Der VfL Wolfsburg hat nach intensiven Krisengesprächen eine vorläufige Richtungsentscheidung getroffen. Trainer Daniel Bauer wird die Mannschaft auch im kommenden Heimspiel betreuen, und auch Geschäftsführer Peter Christiansen bleibt trotz massiver Kritik im Amt. Nach dem desaströsen 0:4 gegen den VfB Stuttgart hatten viele Beobachter mit sofortigen personellen Konsequenzen beim Tabelliebzehnten gerechnet.

Krisensitzung bestätigt: Galgenfrist gegen den HSV

Der Montag in der Autostadt war geprägt von Hektik und langen Diskussionen.
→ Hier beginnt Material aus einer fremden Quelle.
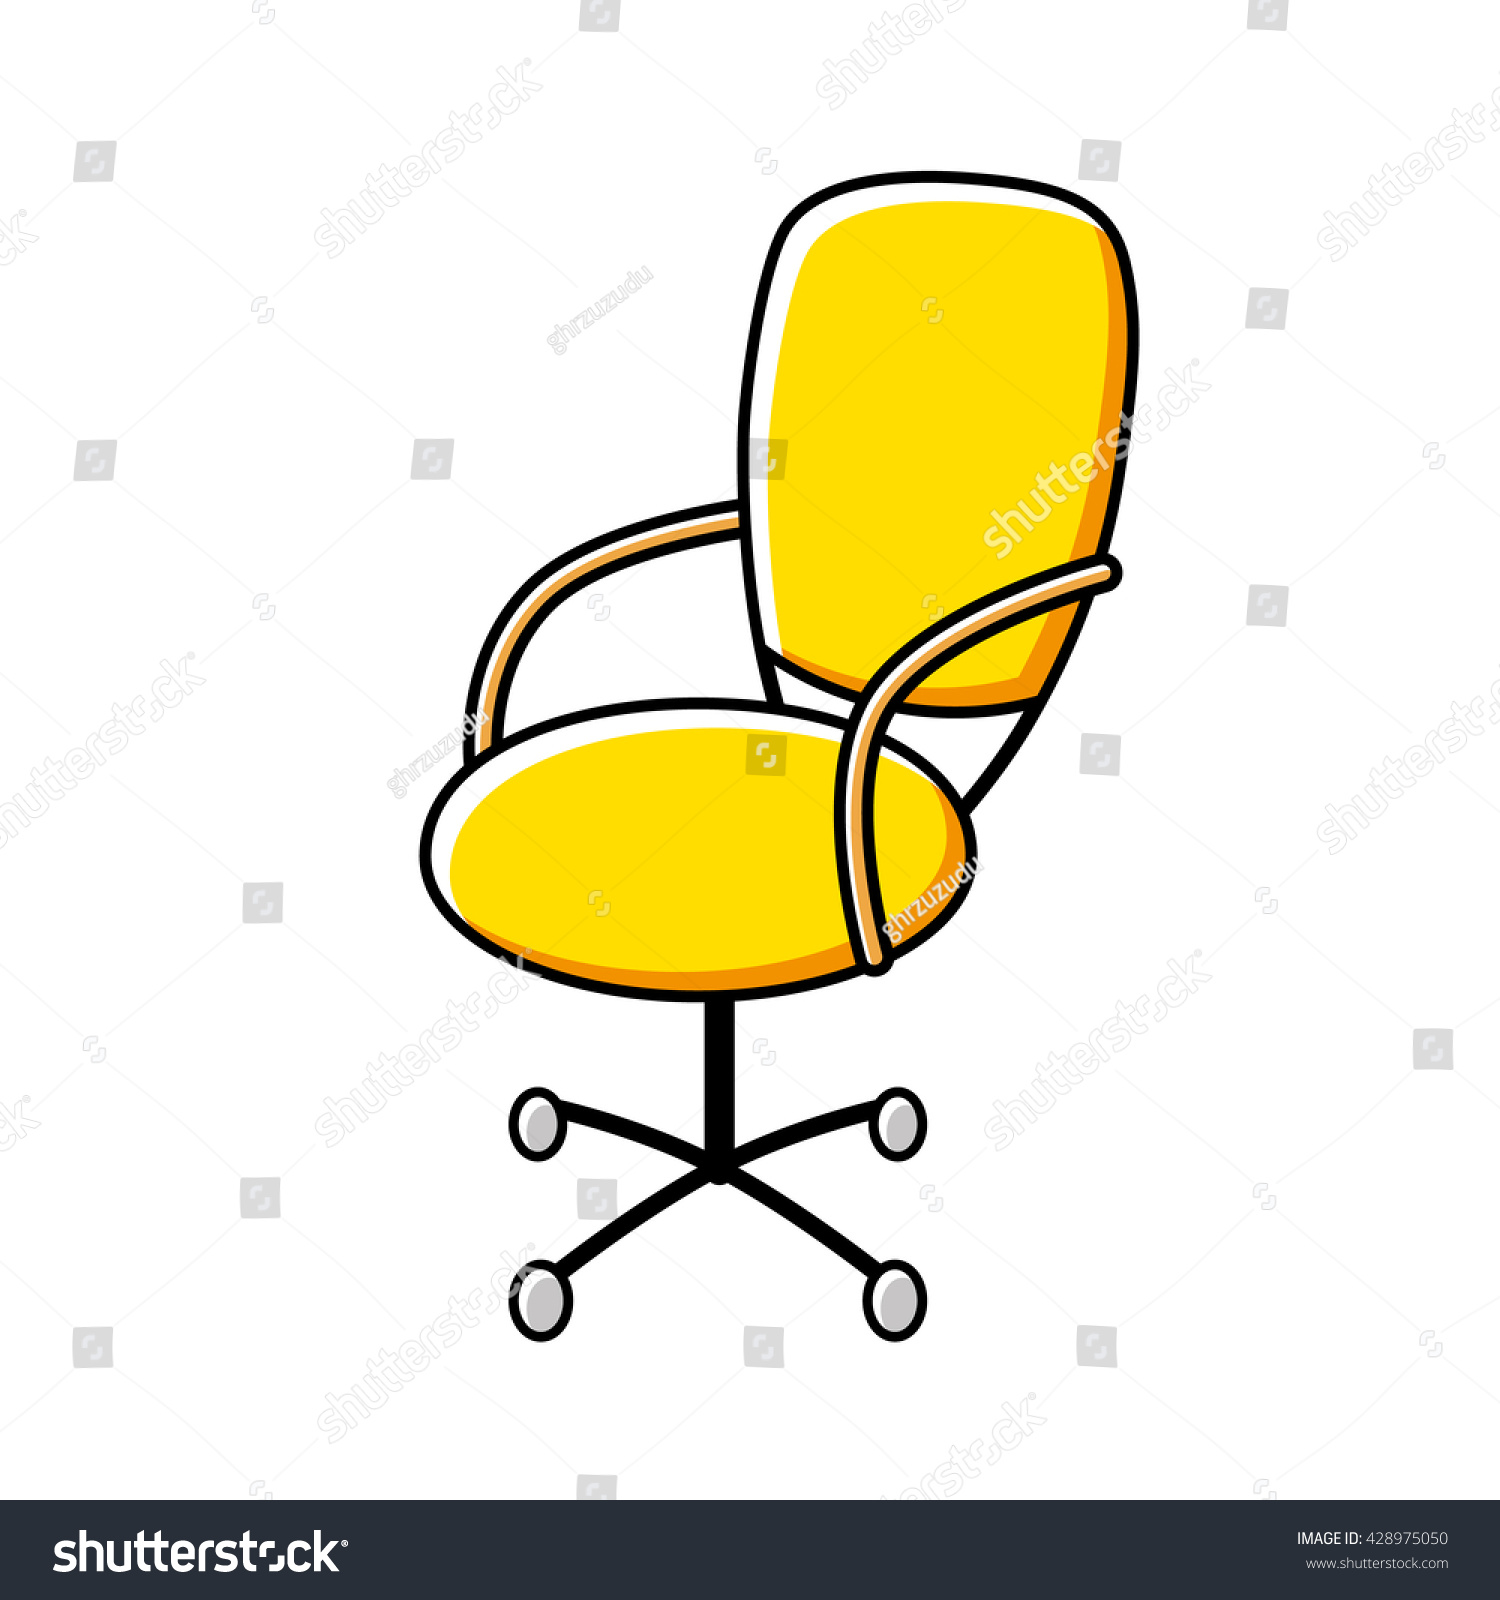 Yellow fice Chair Cartoon Icon Stock Vector Shutterstock

Noch vor dem Mittagstraining zogen sich die Verantwortlichen hinter verschlossene Türen zurück. Aufsichtsratschef Sebastian Rudolph, Sportdirektor Pirmin Schwegler und Geschäftsführer Peter Christiansen beobachteten anschließend das Spielersatztraining am Rande des Übungsplatzes. Das Ergebnis der Beratungen: Daniel Bauer erhält eine wohl letzte Bewährungschance.
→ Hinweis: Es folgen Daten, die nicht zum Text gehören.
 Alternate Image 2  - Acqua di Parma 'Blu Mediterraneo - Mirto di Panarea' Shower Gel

Im vorentscheidenden Heimspiel am kommenden Samstag gegen den Hamburger SV muss der Coach liefern. Die Wölfe taumeln dem Abstieg entgegen – seit nunmehr sieben Spielen wartet der Meister von 2009 auf einen Sieg. Dass Bauer im Amt bleibt, überrascht durchaus, nachdem der Übungsleiter am Sonntag öffentlich deutliche Kritik an den internen Abläufen und damit indirekt an seinen Vorgesetzten geübt hatte.

Peter Christiansen: Das eigene Schicksal verknüpft

Eine zentrale Rolle in diesem Machtpoker spielt Peter Christiansen. Der dänische Geschäftsführer steht selbst massiv unter Druck. Unter seiner Ägide rutschte der Klub in den letzten zwei Jahren sportlich immer weiter ab. Nachdem er bereits Trainer Paul Simonis und Sportdirektor Sebastian Schindzielorz entlassen hatte, scheint sein eigenes Schicksal eng an das von Bauer geknüpft zu sein.

Experten vermuten: Eine weitere Trainerentlassung hätte Christiansen kaum ohne die eigene Freistellung überstanden. Somit klammert sich der Däne an die Hoffnung, dass der aktuelle Trainerstab doch noch die Wende schafft und den drohenden Gang in die Zweitklassigkeit abwendet.

Rudolphs Risiko und der Schatten von Dieter Hecking

Aufsichtsratschef Sebastian Rudolph setzt in der vielleicht größten Krise der Vereinsgeschichte weiterhin auf die Politik der ruhigen Hand. Diese Kontinuität wird im Umfeld jedoch als hochriskant wahrgenommen. Während die Führungsetage offiziell an der aktuellen Konstellation festhält, werden im Hintergrund längst Alternativen geprüft.

Der Name Dieter Hecking geistert bereits als möglicher Retter durch Wolfsburg. Der Ex-Trainer gilt als erfahrener Feuerwehrmann, der den Verein und das Umfeld bestens kennt. Sollte das Heimspiel gegen den HSV misslingen, dürfte die Zeit der ruhigen Hand endgültig vorbei sein.